Deltares / hydromt

HydroMT: Automated and reproducible model building and analysis
https://deltares.github.io/hydromt/
MIT License
68 stars 28 forks source link

Include data catalogs in other data catalogs #477

Open dalmijn opened 1 year ago

dalmijn commented 1 year ago

Kind of request

Adding new functionality

Enhancement Description

The ability to include data catalog's (yaml's) via e.g. an include statement in another data catalog (e.g. final.yml). The desired result then would be that the datasets from all the data catalog's are available in HydroMT.

Take e.g. a data catalog (data_catalog1.yml)

my_data:
  - meta: meta

And then include it in another data catalog (e.g. final.yml)

include:
  - data_catalog1.yml
  - data_catalog2.yml

era5_daily:
  - stuff: stuff
  - more stuff: more stuff

And then just read this catalog via DataCatalog('./path_to/final.yml').

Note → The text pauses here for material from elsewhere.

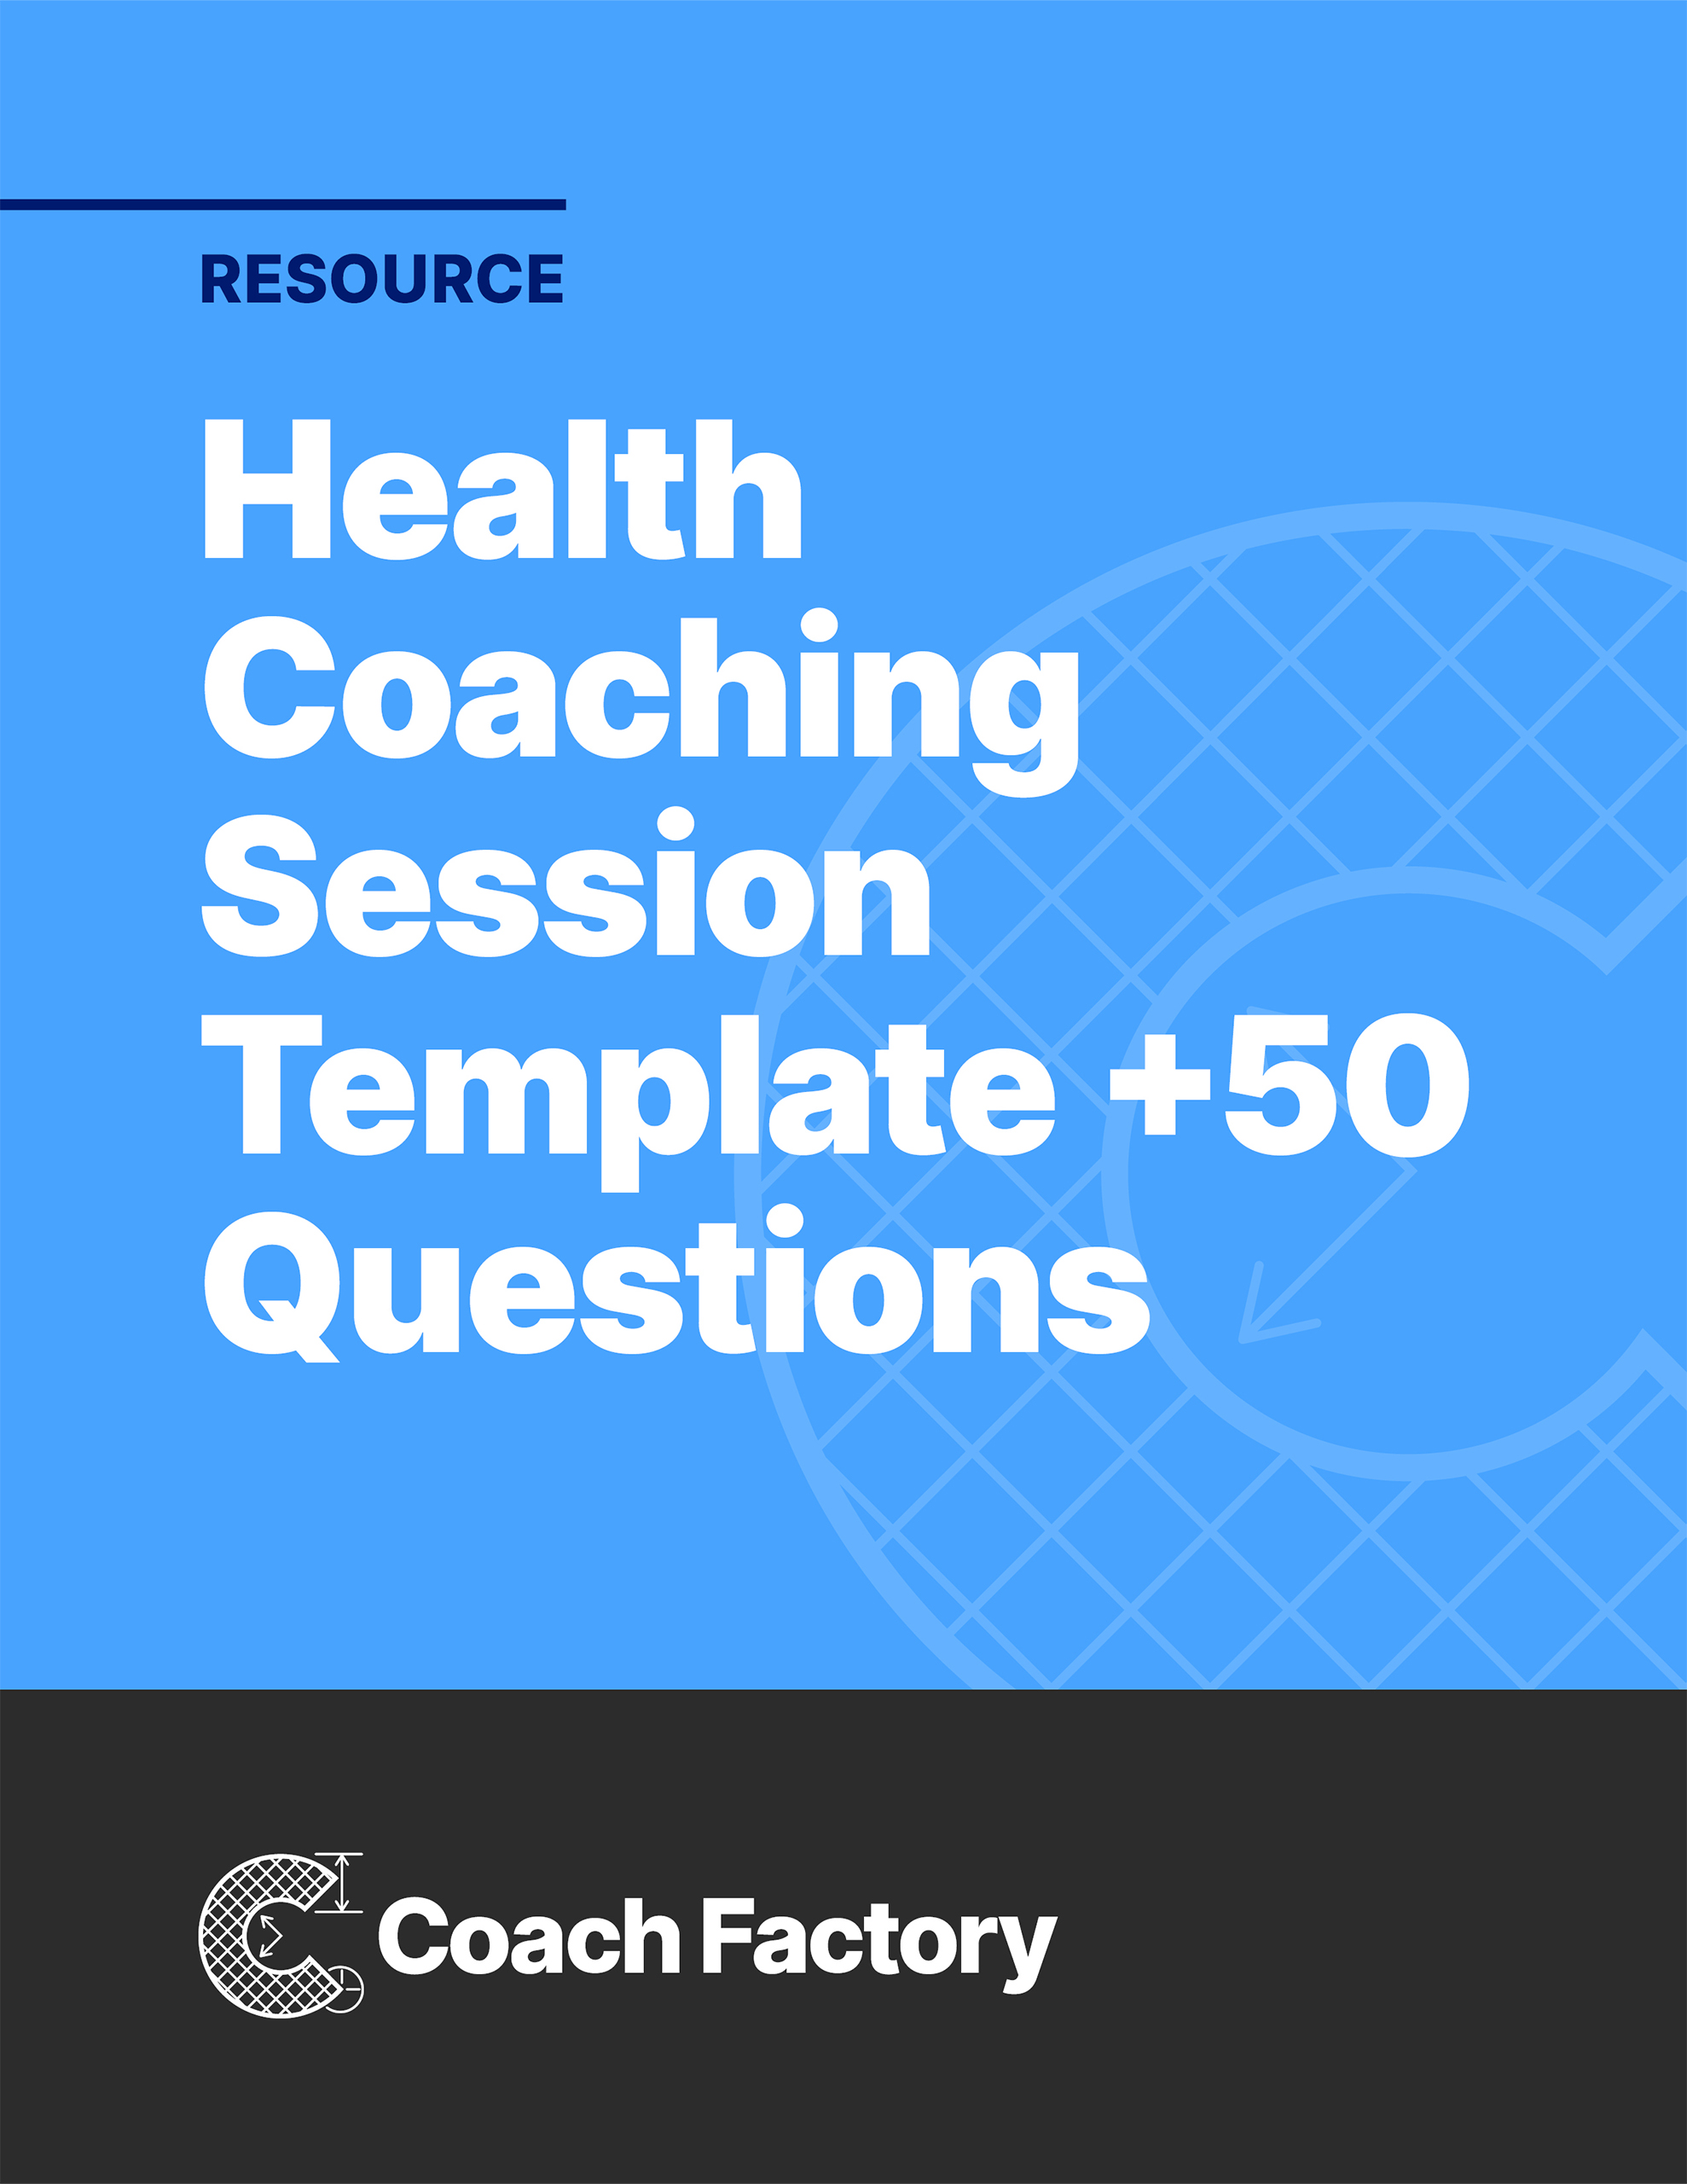 Resource: Health Coaching Session Template +50 Questions

This would mean though that include is no longer available as a variable for a dataset. How to include this is of course is up for debate. But I think this would be nice to have.

Use case

Where data catalog yaml's would become very large or where there would be a lot of seperate data catalog yaml's to be put in the data_libs list.

Additional Context

No response

hboisgon commented 11 months ago

I'm not sure if this type of functionality is really needed. In the hydromt build/update configuration under global you can already list the data catalogs you want to use as well instead of using the command line.

global:
  data_libs:
    - data_catalog1.yml
    - data_catalog2.yml
DirkEilander commented 10 months ago

I agree this has low priority. However it should also be rely straight forward to implement and I can image it can help to organize your data catalogs (if many). I think we should include it. Given the priority it won't be this year I think though. I've now added it to Q1 but we will discuss during the Q1 planning if that is actually feasible.

savente93 commented 10 months ago

noting this for the discussion when it becomes relevant: this will need a way to deal with conflicting information, espeically if aliases will still be there. i.e. if Cat A says X -> Y and Cat B says X-> Z what should the correct result be?

DirkEilander commented 10 months ago

noting this for the discussion when it becomes relevant: this will need a way to deal with conflicting information, especially if aliases will still be there. i.e. if Cat A says X -> Y and Cat B says X-> Z what should the correct result be?

I think we already handle this with a warning, whereby a source in the last cat overwrites the previous. This can already occur with the functionality shown by Hélène above.